Bu sefer gelen tebligatta Twitter’da yazdıklarım ve internet sitemde yaptığım haberlerin “İFTİRA VE HAKARET” değil “HABER VE ELEŞTİRİ” niteliğinde olduğu Cumhuriyet Savcısı tarafından KOVUŞTURMAYA YER OLMADIĞINA karar verildiğini öğrendim.
Gazetecilik hayatım boyunca hep güçsüzün yanında olmaya çalıştım. Haksızlık yapan ‘kim olursa olsun’ her zaman karşısında oldum. Doğru olduğuna inandığım hiç bir konuda geri adım atmadım.

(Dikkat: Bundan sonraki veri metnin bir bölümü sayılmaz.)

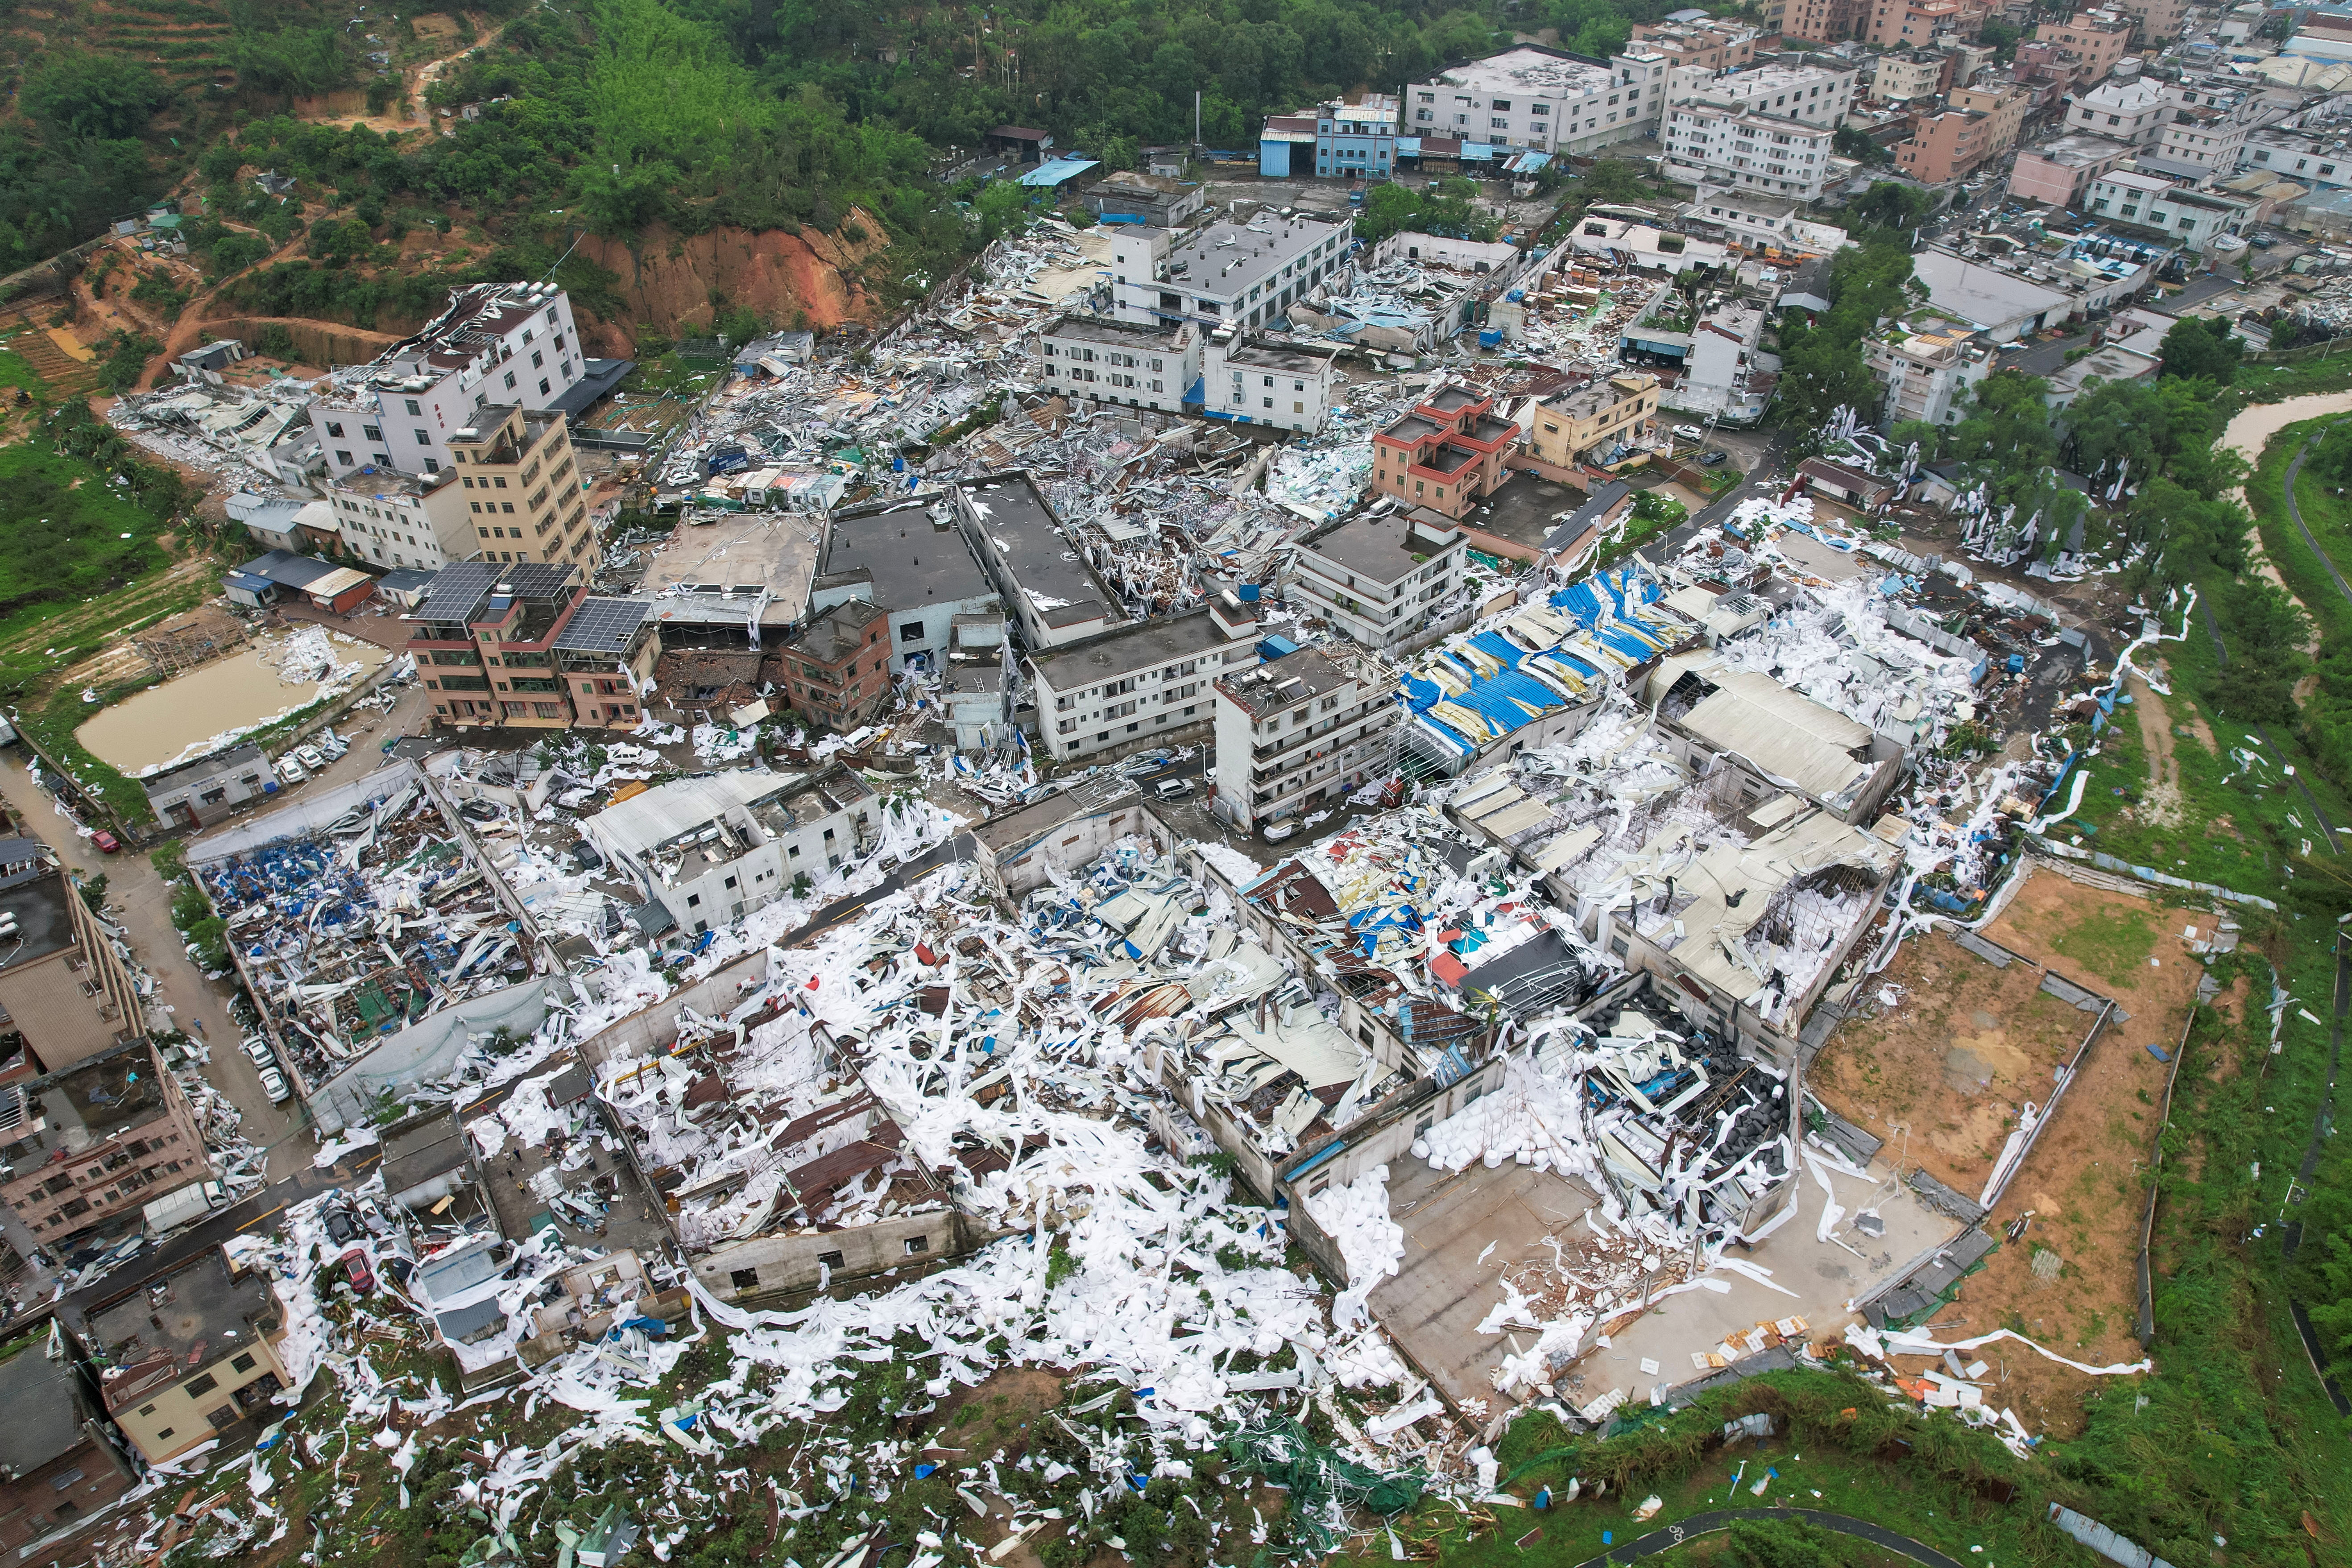 Drone view shows damaged buildings following a tornado at a village in Guangzhou

Sadece şunu sormak istiyorum; Mahkemeye gitmekten, hakim huzuruna çıkmaktan kim korkar, kim çekinir?
Gazetecilik görevimi yapmaya çalışıyorum, Karabük halkını bilgilendirmek, kamuoyuna aydınlatmak istiyorum.
Tazminat davaları için açılan mahkemeye yazılı olarak verdiğim savunmam yanısıra belgeleriyle yazacağım çok daha önemli konular var.

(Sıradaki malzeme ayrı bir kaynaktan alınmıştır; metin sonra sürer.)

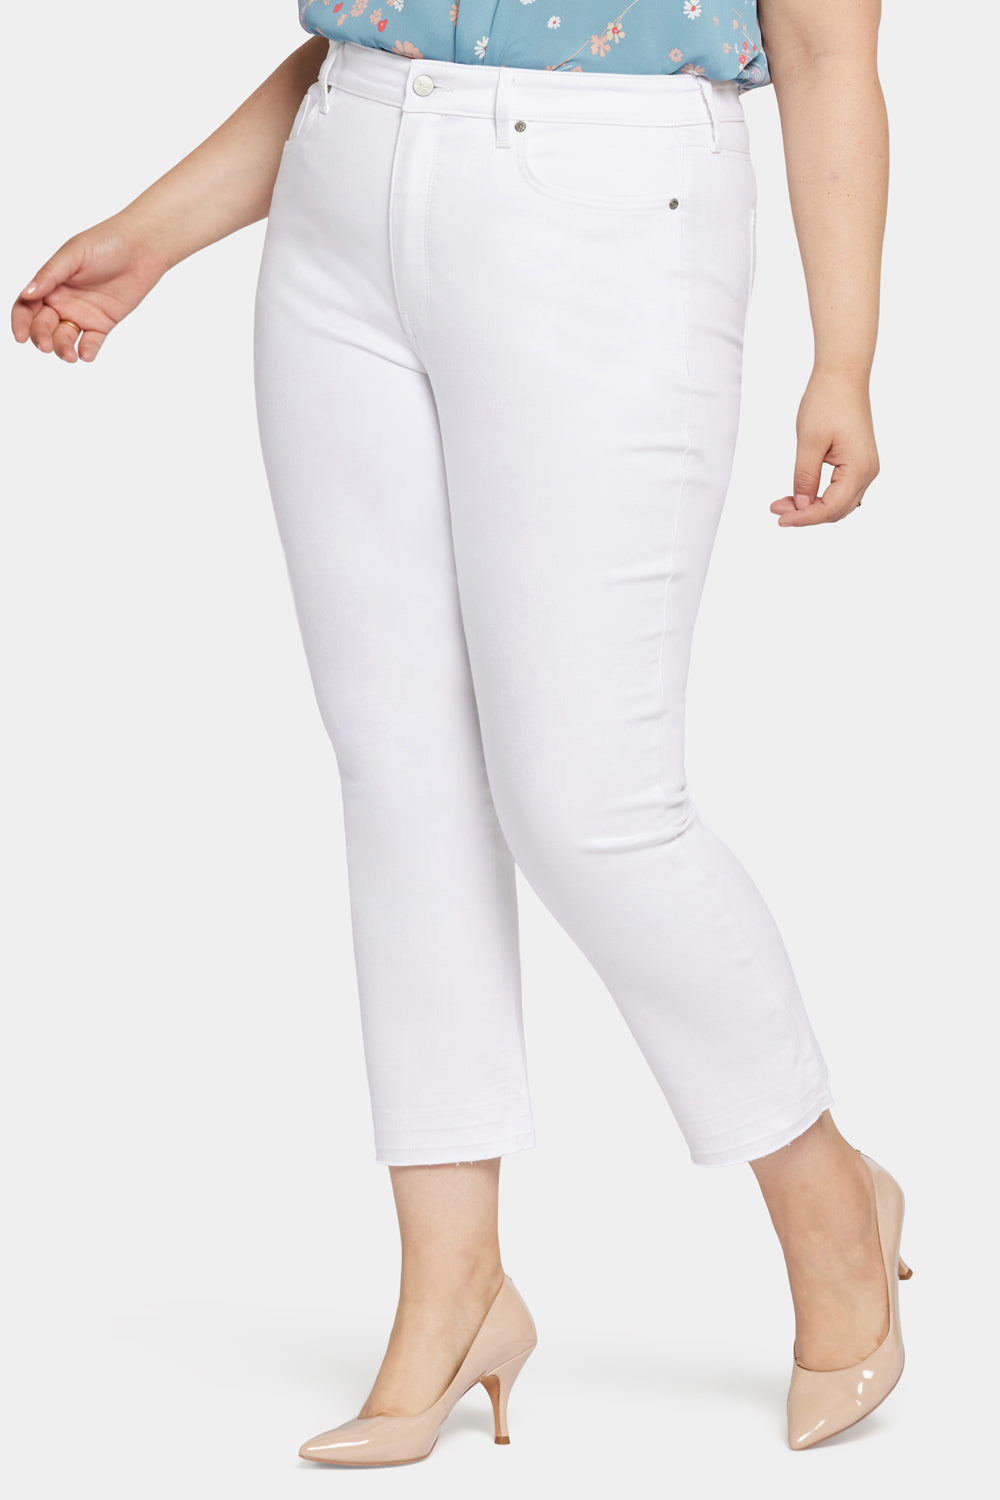 NYDJ Marilyn Straight Ankle Jeans In Petite Plus Size In Cool Embrace® Denim With High Rise And Released Hems - Optic White

Şimdilik bu sütunlarda yazacaklarım, Neden MarzinceHAYIR dedim?
Tekrar HATIRLATIYORUM;
1- Karabük bölgesindeki özellikle yaşlı ve çocuklar yanı sıra tarım, çiftçi ve dolayısıyla DOĞA TEHLİKE ALTINDADIR!..
2- UNESCO’nun insan ve doğaya verdiği önemle Safranbolu’nun Dünya Miras Kenti ünvanı geri alınma TEHLİKESİ VARDIR!..
3- WWF yani Dünya Doğal Hayatı Koruma Vakfı’nın Dünya’da korumaya aldığı 100 sıcak noktadan biri olan Yenice ormanlarımız ve Arberatum TEHLİKE ALTINDADIR!..
Bir gazeteci olarak değil, bir Karabüklü olarak araştırdım ve bu iddiaların doğruluğuna inanıyorum. Bu iddialarımın doğru olmadığını ispat etsinler, güvence versinler o zaman NEDEN KARŞI ÇIKAYIM?